Determine, if there is one, the point of intersection between the line given by the equation:
x-5/2= y-1/-1 = z-15/4 and the plane given by the equation:
[x,y,z]= [-2,-7,5]+ s[2,6,3]+ t[1,4,-1]

b)Determine the angle between the line and the plane.
c)Give the equation of a plane and three lines, one of which is parallel to the plane, one of which lies on the plane, and one of which intersects the plane.

Expert's answer

Answer on Question #60947 – Math – Analytic Geometry

Question

A line can either lie on a plane, lie parallel to it or intersect it.

a) Determine, if there is one, the point of intersection between the line given by the equation: $\frac{x - 5}{2} = \frac{y - 1}{-1} = \frac{z - 15}{4}$ and the plane given by the equation:

[x, y, z] = [-2, -7, 5] + s[2, 6, 3] + t[1, 4, -1].

b) Determine the angle between the line and the plane.

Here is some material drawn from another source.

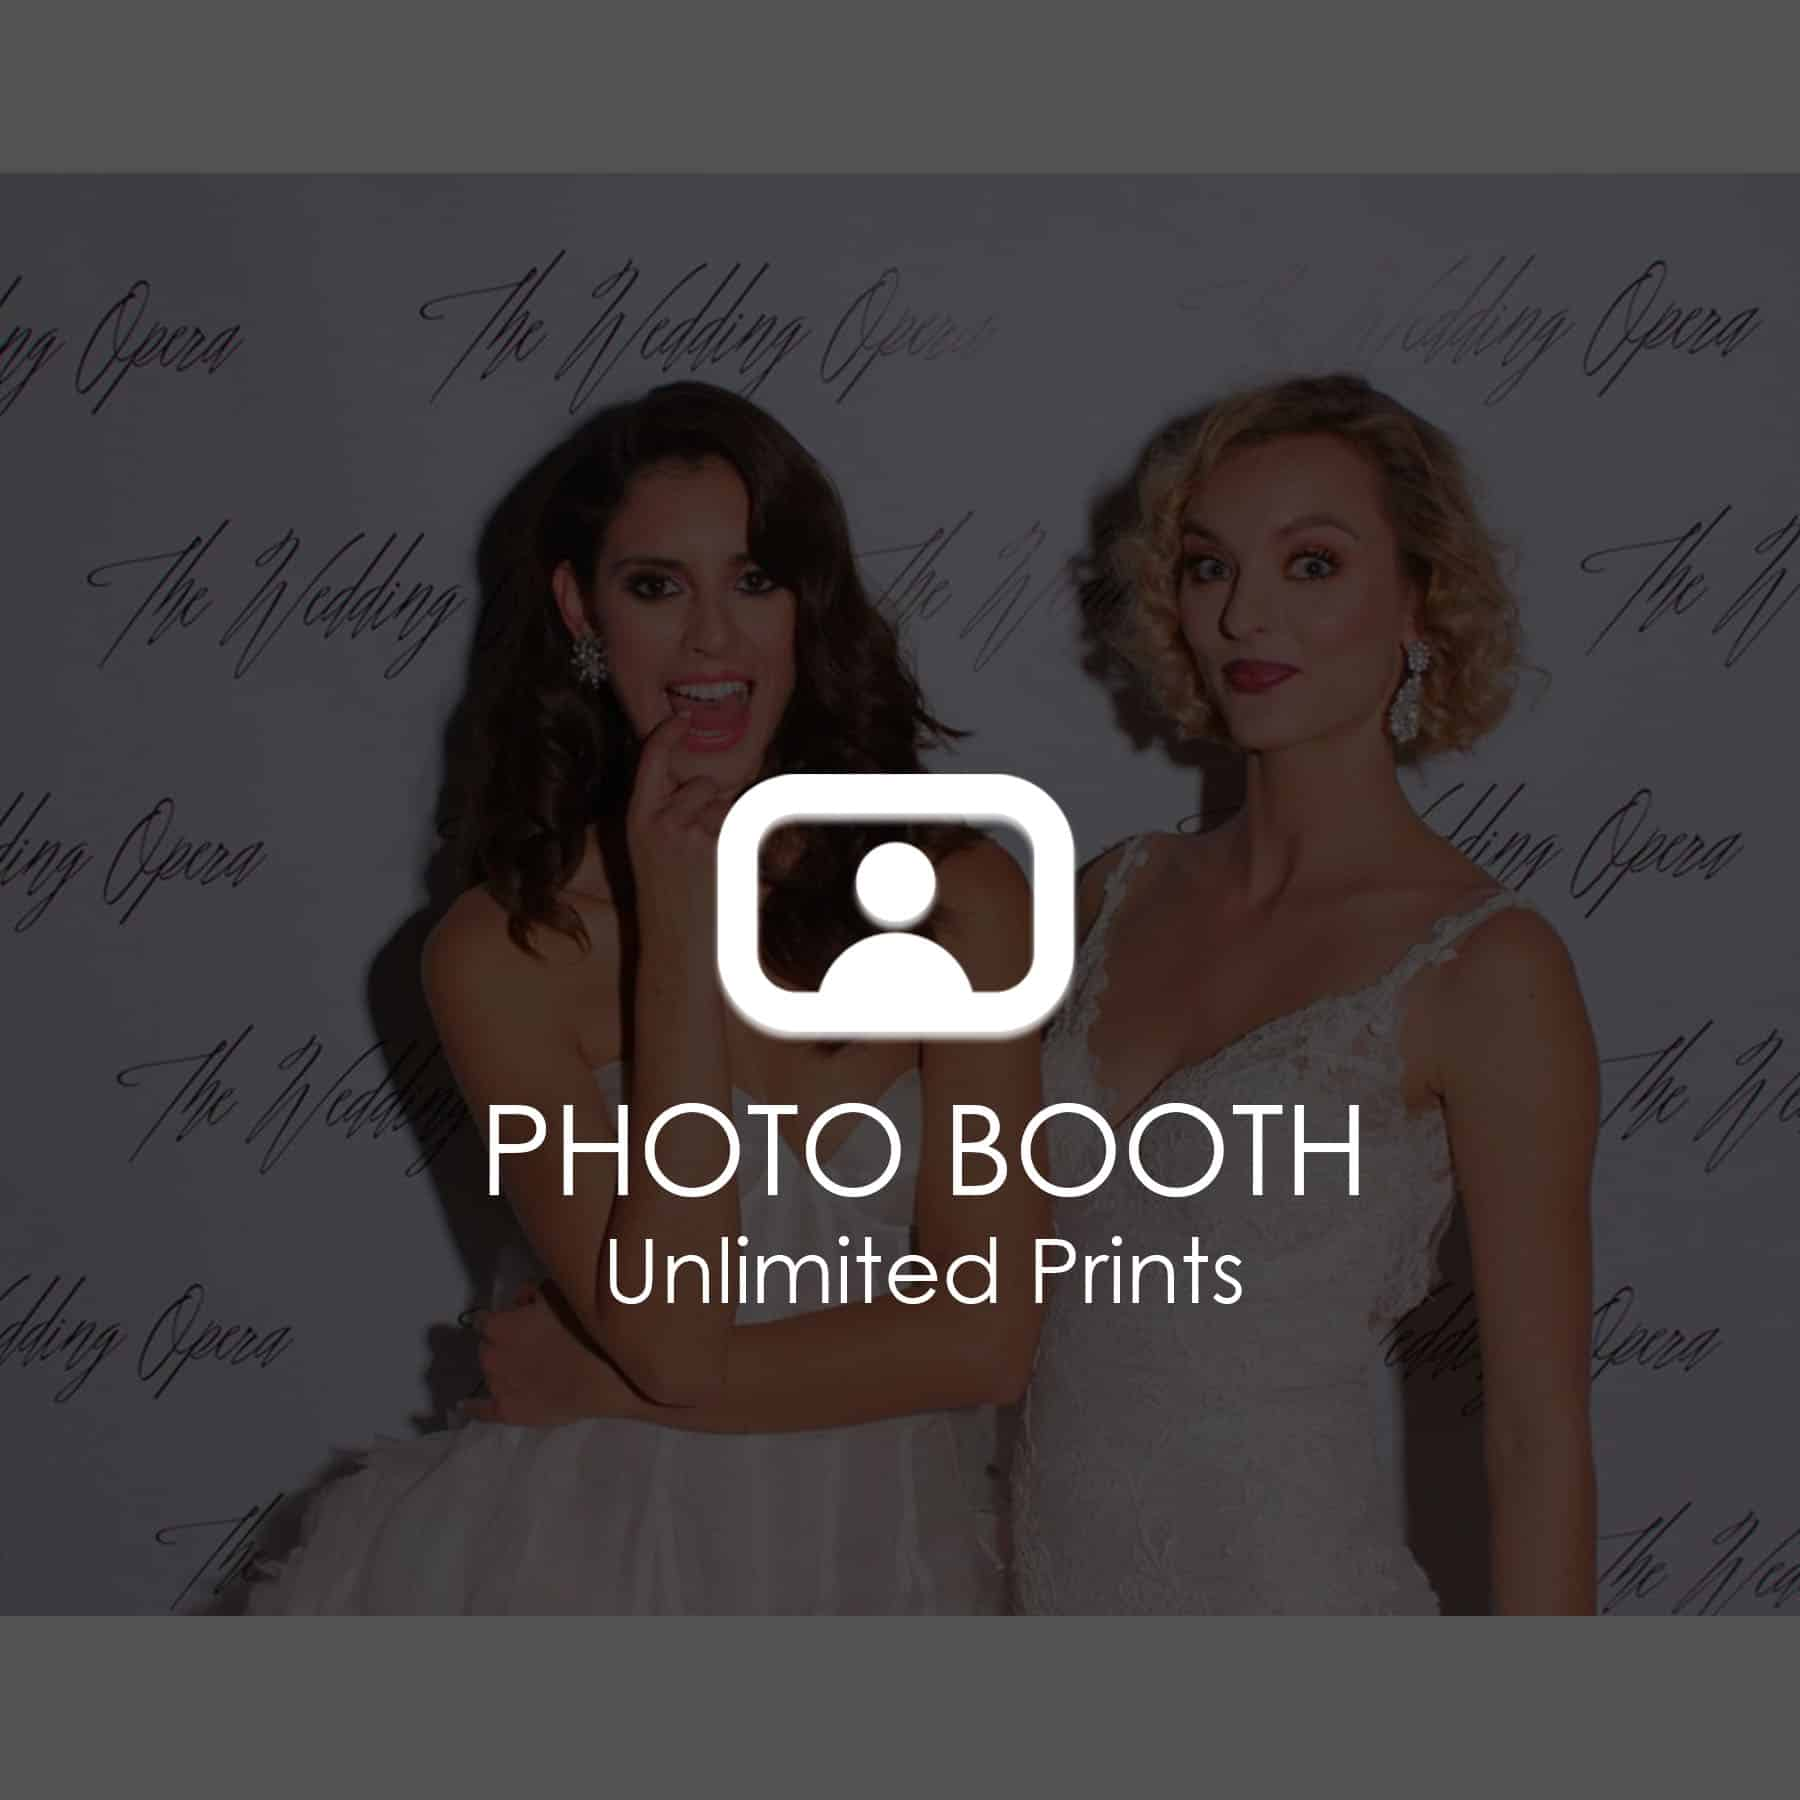 toronto photo booth

c) Give the equation of a plane and three lines, one of which is parallel to the plane, one of which lies on the plane, and one of which intersects the plane.

Solution

a) Let us rewrite the equation of the given plane in the coordinate form. It is well known that equation $[x, y, z] = [x_0, y_0, z_0] + s[a_1, a_2, a_3] + t[b_1, b_2, b_3]$ is equivalent to the next equation:

\left| \begin{array}{cccc} x - x_0 & y - y_0 & z - z_0 \\ a_1 & a_2 & a_3 \\ b_1 & b_2 & b_3 \end{array} \right| = 0.

So in our case we have the next equation:

\left| \begin{array}{ccc} x + 2 & y + 7 & z - 5 \\ 2 & 6 & 3 \\ 1 & 4 & -1 \end{array} \right| = 0 \Leftrightarrow -18x + 5y + 2z - 11 = 0.

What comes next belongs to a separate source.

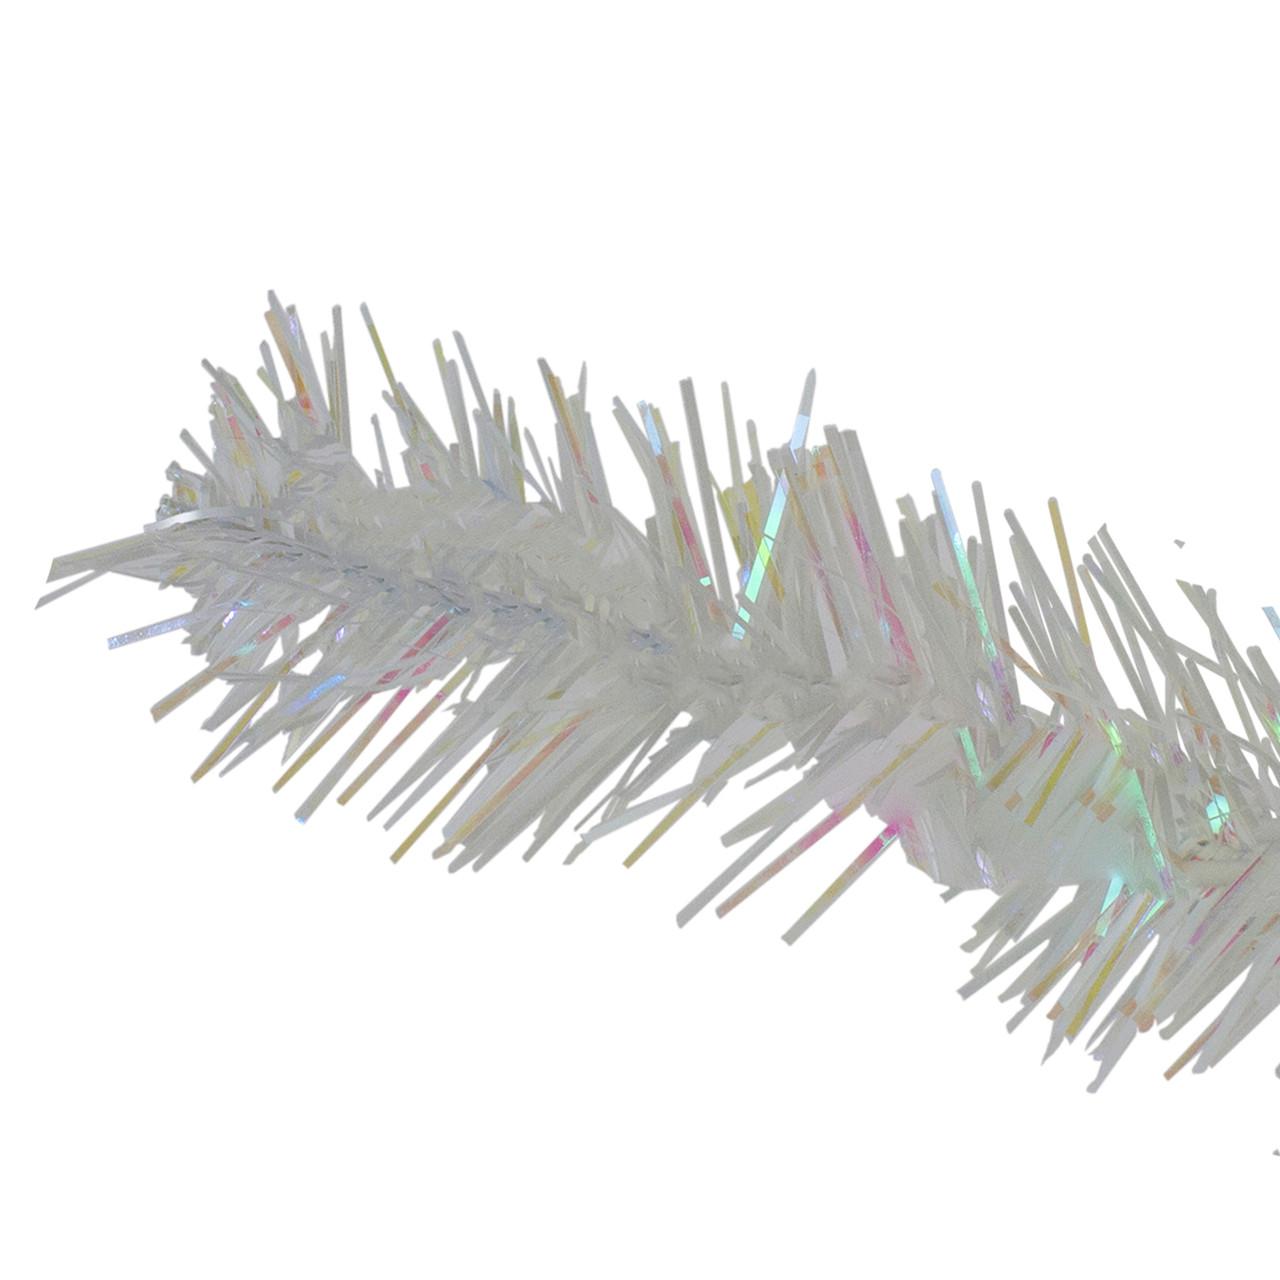 northlight - Christmas Tree Tinsel

So the direction vector of the given line is $\vec{v} = (2, -1, 4)$ , and the normal vector to the given plane is $\vec{n} = (-18, 5, 2)$ . Since $2 \cdot (-18) + (-1) \cdot 5 + 4 \cdot 2 = -33 \neq 0$ then the given line intersects the given plane.

To determine the point of intersection we must solve the following linear system:

\left\{ \begin{array}{r l} -18x + 5y + 2z - 11 & = 0 \\ \frac{x - 5}{2} & = \frac{y - 1}{-1} \\ \frac{y - 1}{-1} & = \frac{z - 15}{4} \end{array} \right. \Leftrightarrow \left\{ \begin{array}{r l} -18x + 5y + 2z - 11 & = 0 \\ x & = 7 - 2y \\ z & = 19 - 4y \end{array} \right. \Leftrightarrow \left\{ \begin{array}{r l} 36y + 5y - 8y & = 99 \\ x & = 7 - 2y \\ z & = 19 - 4y \end{array} \right. \Leftrightarrow

\Leftrightarrow \left\{ \begin{array}{l} y = 3 \\ x = 1. \text{ So the point of intersection is } (1, 3, 7). \\ z = 7 \end{array} \right.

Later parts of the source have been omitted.